Sunday, December 8, 2013

Greece's Reforms Have Only Cracked the Surface

Powerful vested interests thrive on the levies, fees, subsidies and barriers to entry that Greece needs to eliminate.
The Wall Street Journal
By ARISTIDES N. HATZIS
Dec. 5, 2013 3:15 p.m. ET
Last week Ángel Gurría, the secretary-general of the Organization for Economic Co-operation and Development, visited Athens to present the OECD's latest economic survey of Greece. Since 2010, the report said, Greece "has made impressive headway in cutting its fiscal and external imbalances and implementing structural reforms to raise labor market flexibility and improve labor competitiveness."

But the OECD also emphasized that "more needs to be done." The organization's assessment of competition in four key sectors in Greece, also released last week, identified 555 problematic regulations and 329 provisions.


Is this merely the case of a glass half-full versus glass half-empty? The last three Greek governments have introduced numerous economic reforms, especially in the labor market. These initiatives have translated into significant improvement in Greece's placement in the World Bank's Doing Business ranking: from 109th place out of 183 countries in the 2010 report to 72nd place in the 2014 report.

Yet the improvement in Greece's business climate is largely nominal, as reflected in other global surveys. In the World Economic Forum's latest Global Competitiveness Report, Greece ranks awfully for wastefulness of government spending (140th out of 148 countries), burden of government regulation (144th), efficiency of the judicial system (138th), and the effects of taxation on incentives to invest (142th) and on incentives to work (137th).

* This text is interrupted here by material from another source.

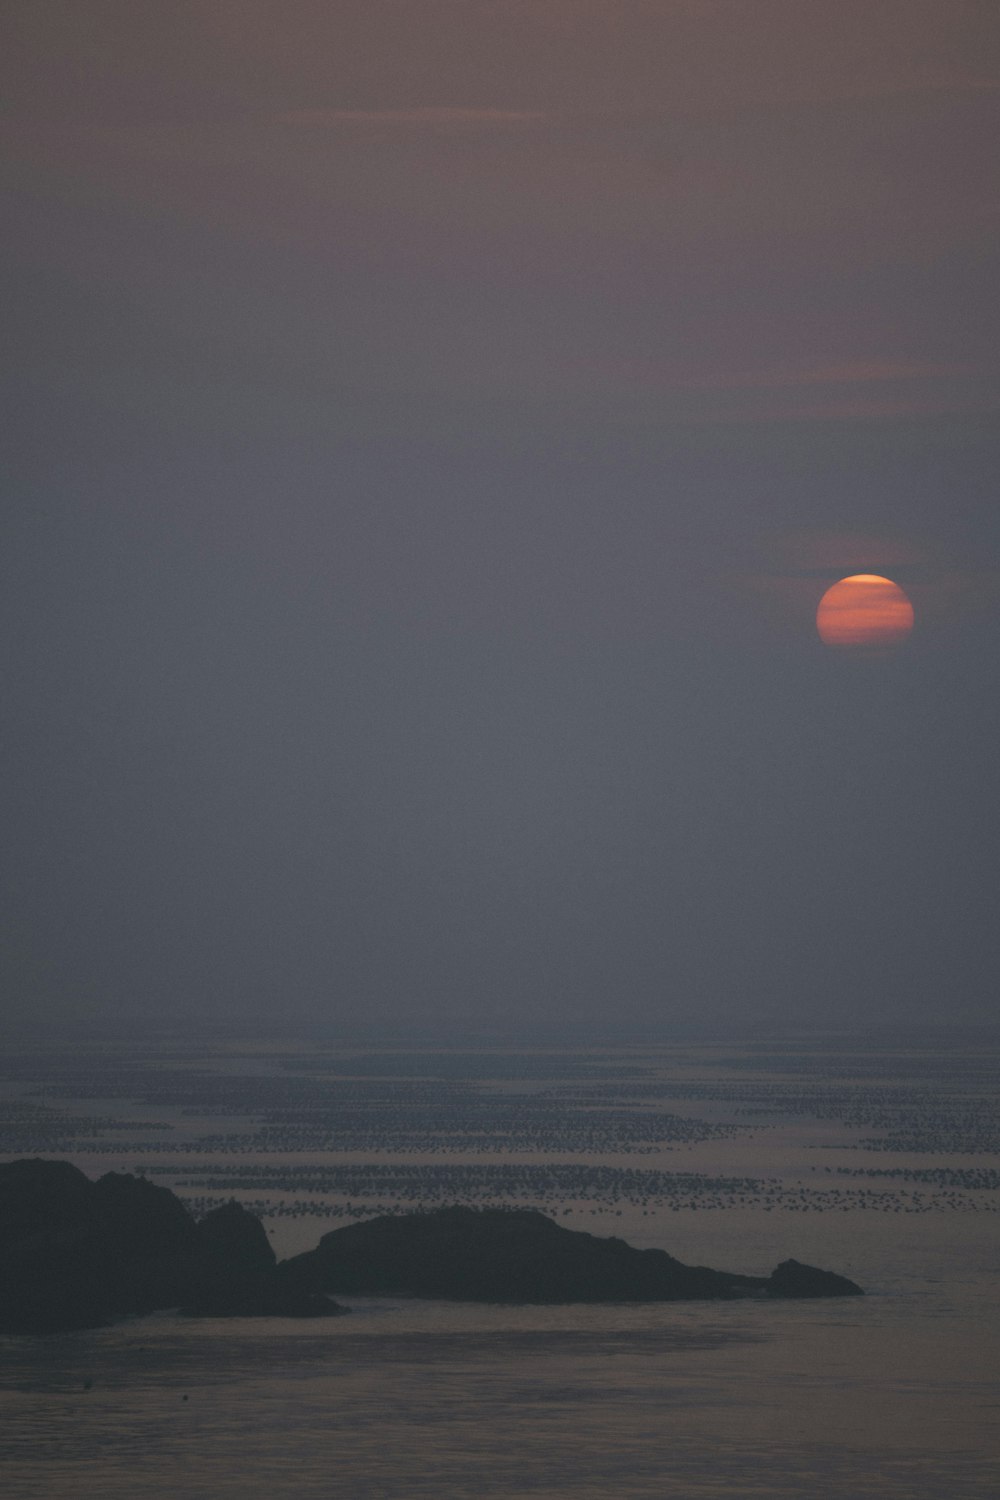 the sun is setting over the ocean with a small island in the foreground

The effects on the ground are easy to spot. It's impossible, for instance, to find a profession in Greece that isn't sheltered from competition, despite numerous attempts to liberalize services. Why? The answer was given by Poul Thomsen, the head of the International Monetary Fund's mission in Greece, in an interview last month with Kathimerini: "Many professions have not yet been touched, and even where legal restrictions have been lifted, new administrative or other barriers often crop up."
Another example of the superficiality of Greece's recent reforms are the persistent barriers to entry in several key sectors. These restrictions essentially protect cartels, hindering competition and "keeping consumer prices in Greece much higher than in most other EU countries for many goods," as the OECD puts it.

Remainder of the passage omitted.